The double cover can be seen in many ways, I like the geometric picture of SO(3) as a ball of radius pi with antipodal on the surface of the ball identified.

 Quote by f-h So? The first thing you describe seems to be SU(2) \times R^4.
So that is what a I wanted to mean here, as one of the possible motivations to use SU(2) in spin foams.

 Quote by MTd2 @tom.stoer and f-h: SU(2) being a complex group and a double cover of SO(3), makes me thing of a theory in 3d with a complex evolution parametrized by 4 variables, presumably reflecting a 4 space embedding of that space. So, I picture SU(2) describing a 3 space like slice of the universe with parameters being space time, or Hamiltonian time.

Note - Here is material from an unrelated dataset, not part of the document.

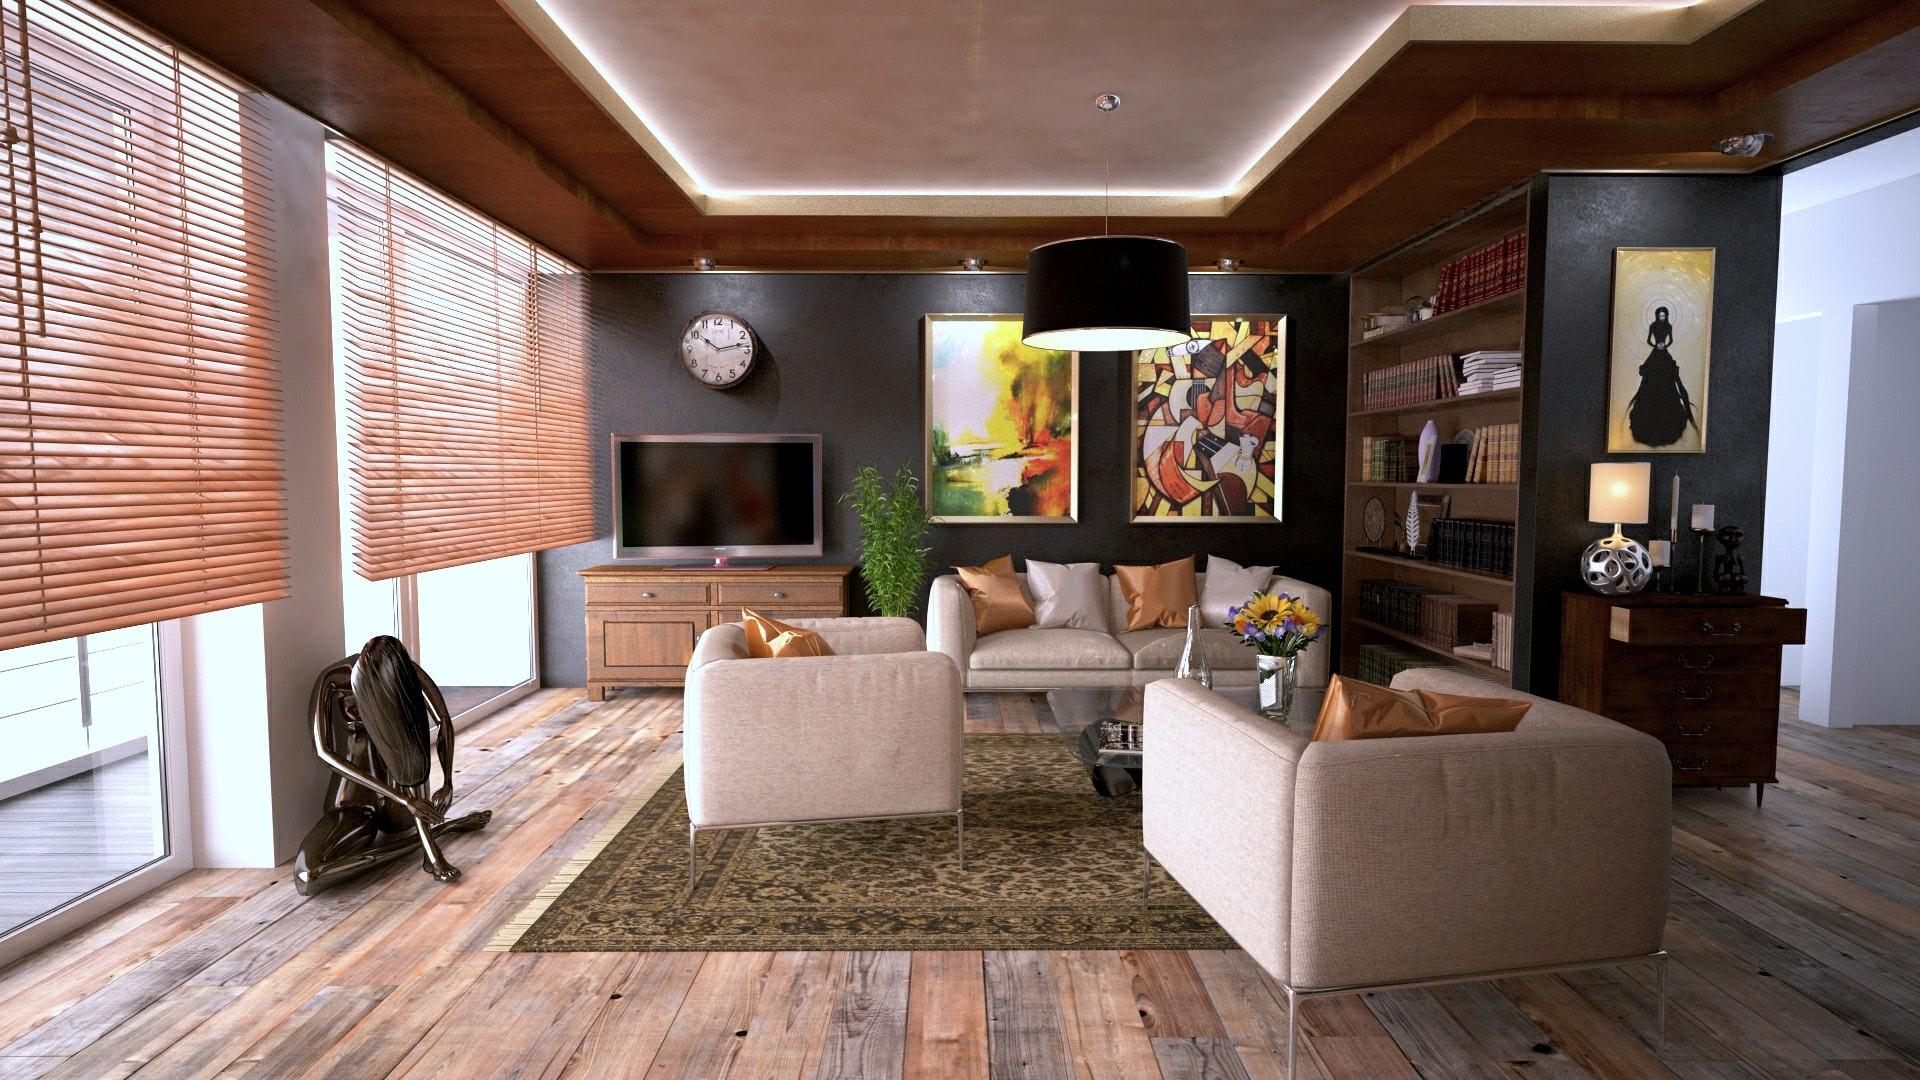 apartment-architecture-art-276724.jpg

 Well, I'd like to know here if it is possible to use anyons to generate spin, getting a vertex from a given polygon of the spin network and defining an SO(2,1) group there. The inductive "magneitic" flux would come from the opposite face. http://en.wikipedia.org/wiki/Anyon

 Quote by MTd2 So that is what a I wanted to mean here, as one of the possible motivations to use SU(2) in spin foams.

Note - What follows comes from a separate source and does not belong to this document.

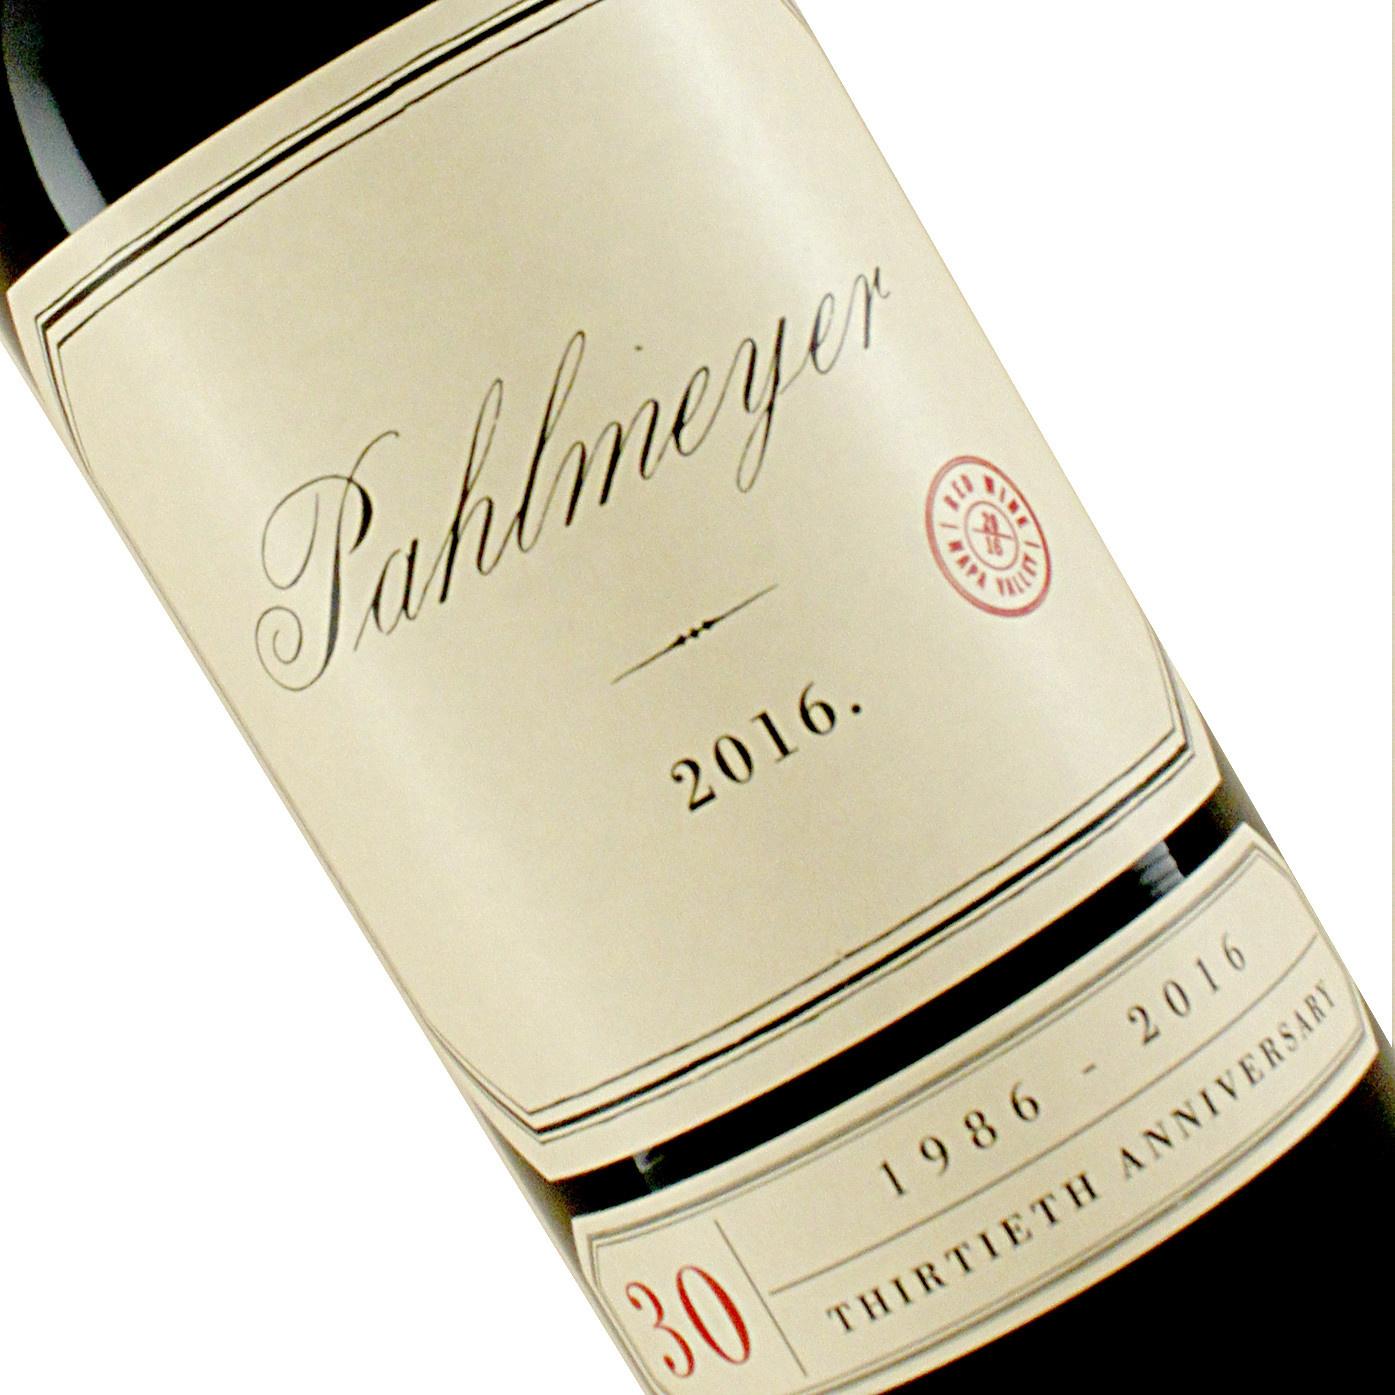 Pahlmeyer 2016 Red Wine Napa Valley Proprietary Blend 30th Anniversary

This isn't really how we use it though. The isomorphism SU(2) - S^3 doesn't really play a strong geometric role in the models considered.

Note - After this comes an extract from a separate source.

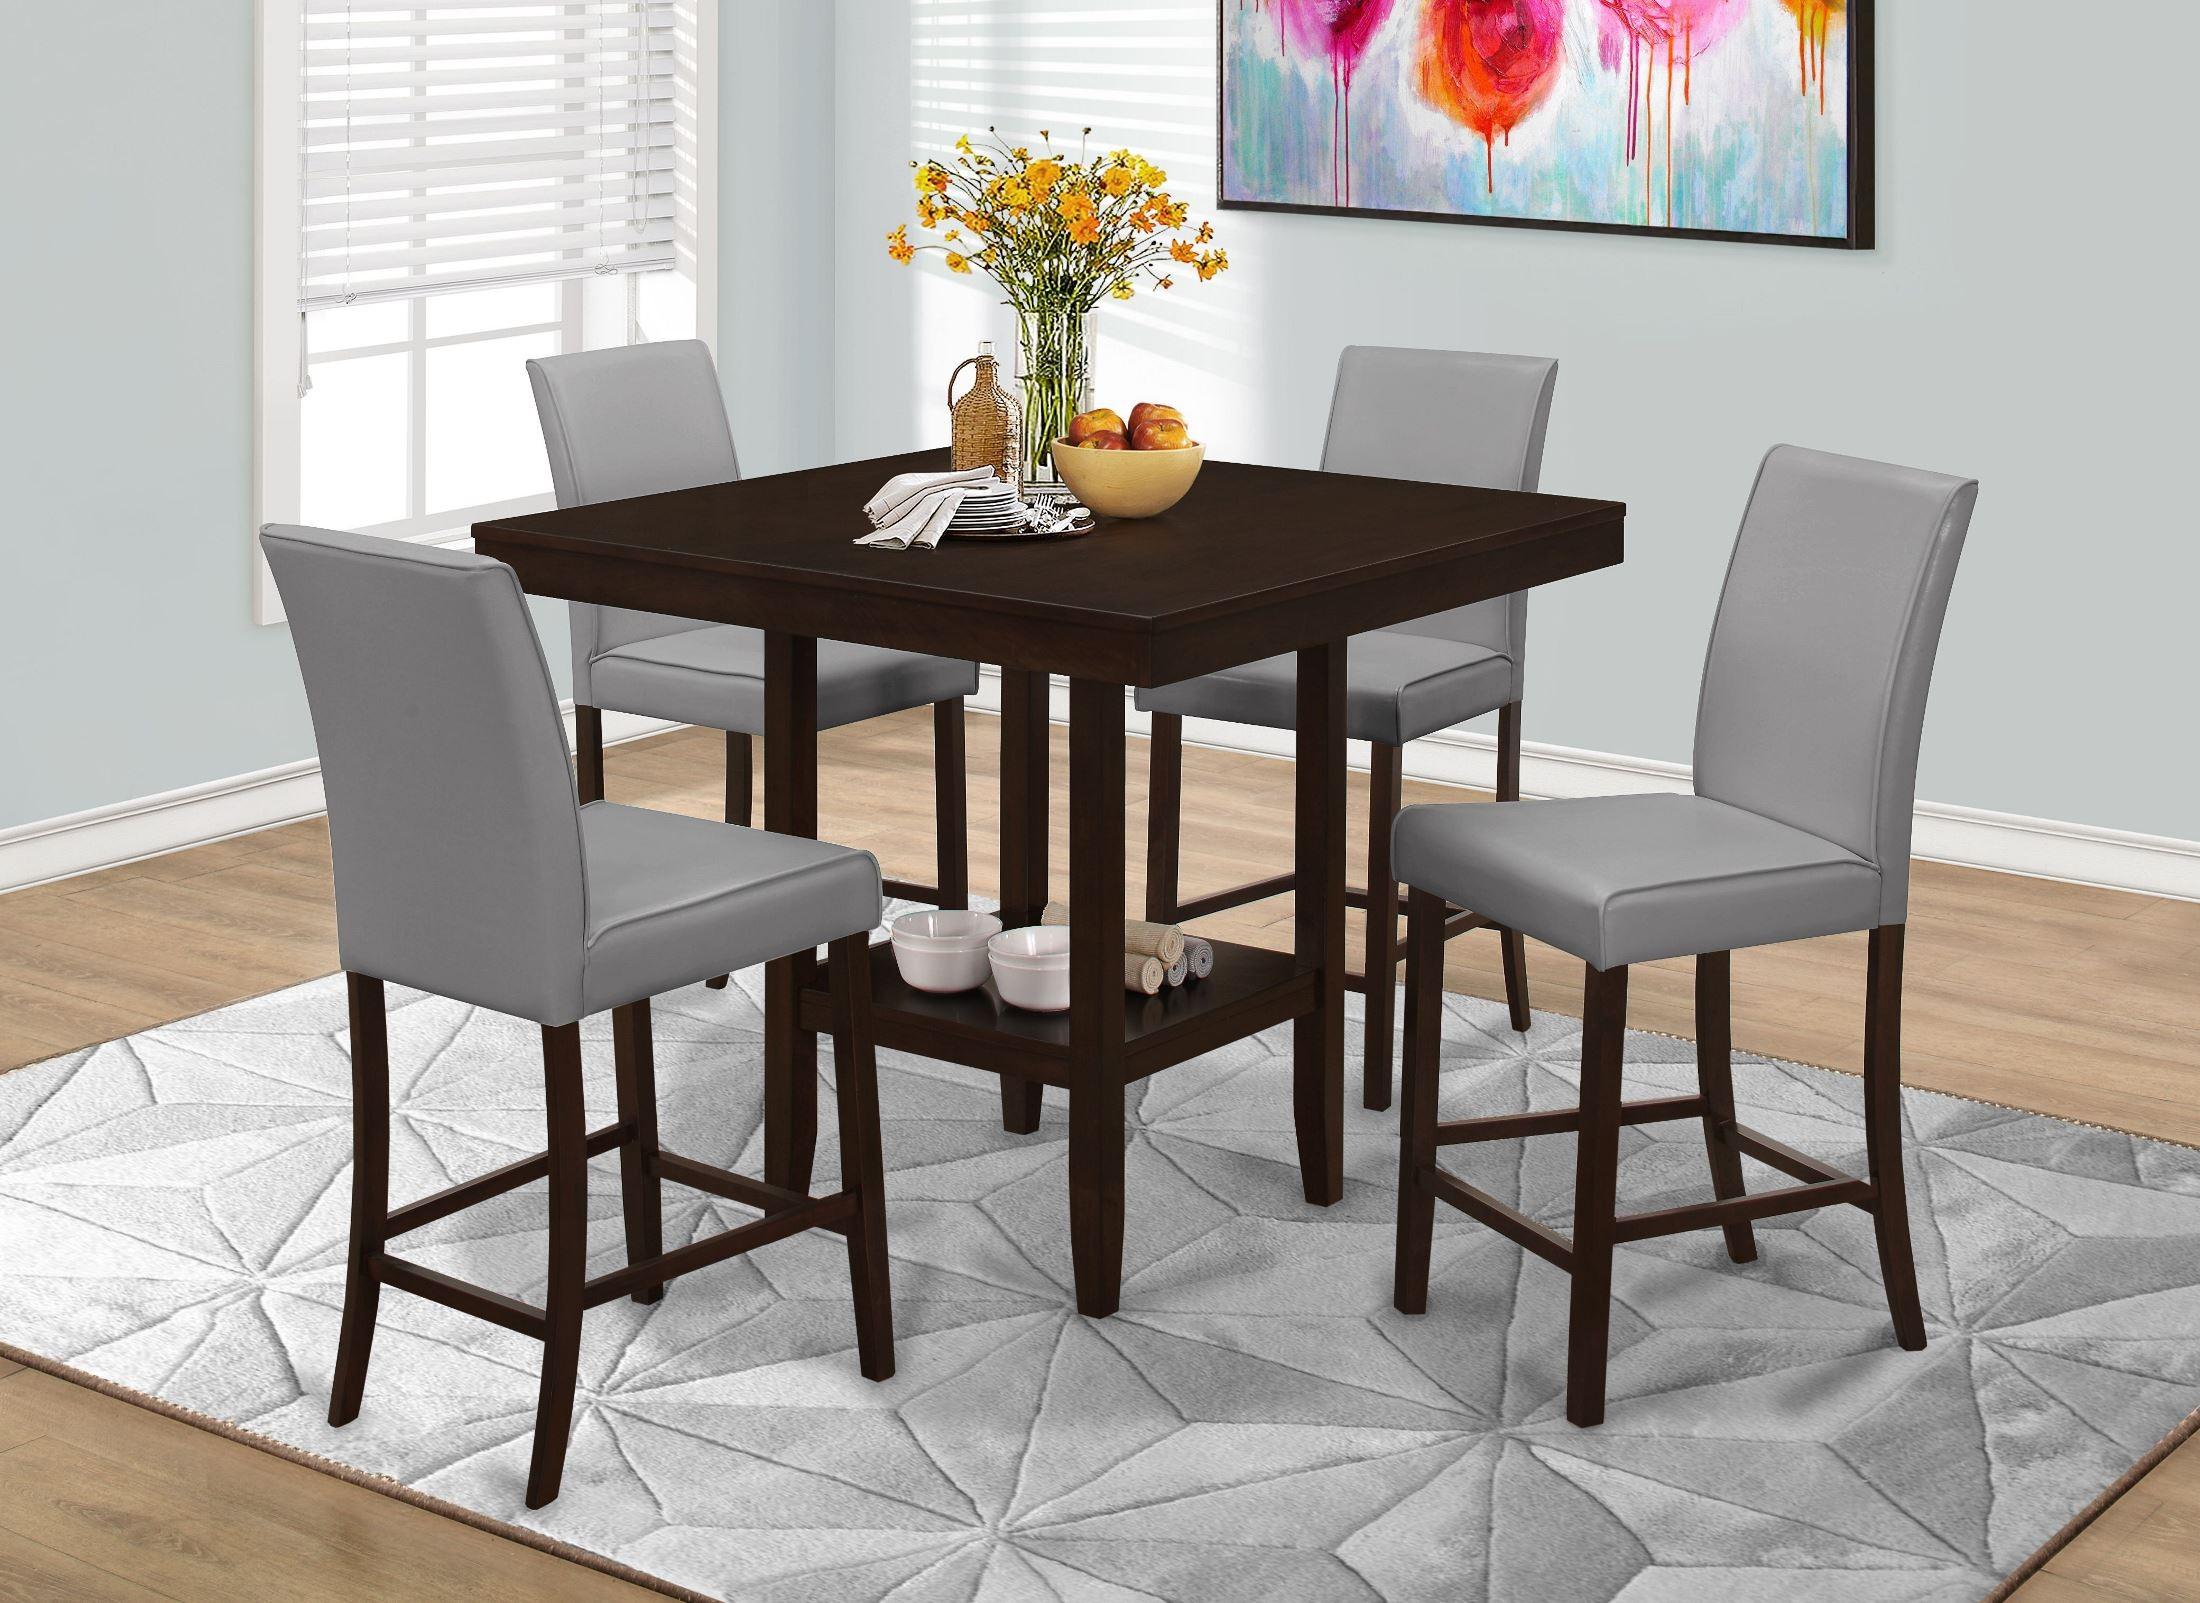 Designer Chairs  MADEcom

Remember that the Ponzano Regge model based on SU(2) describes flat 3-space.
 Alright. I just thought it would be reasonable given that a spacelike slice of the universe is an S3, at least in FRW. Well, at least S3 is extensively used here, section 6: http://arxiv.org/PS_cache/arxiv/pdf/...803.3319v2.pdf
 Sure, it's mathematically important, but not in the physics/geometric interpretation of the state sum. More important is the Hopf Bundle: http://en.wikipedia.org/wiki/Hopf_fibration Roughly speaking you have S^3 as a bundle with fiber S^1 over S^2. Since the phase S^1 doesn't matter so much quantum mechanically you are left with the base space S^2 which naturally lives in R^3. This is how we get 3 dimensional geometry out of SU(2) (or SU(2) out of the quantisation of 2-spheres).
 Regge Ponzano model is a simplicial model of Eintein's field equations, so I jumped into a wrong conclusion thinking it was a backward reasoning from a 3-sphere slice of FRW. So, it seems the usual justification for spin statistics in 4 dimensions. But I am even more confused than in the beginning. I asked for spin networks, not Regge Calculus! Conceptualky each node can see just other nodes, it does not know any kind of global information, that is, at best part of the bundle enough to a coherent linking. So, shouldn't spin quantization as spin and half spin arise just as an aproximation due to interactions?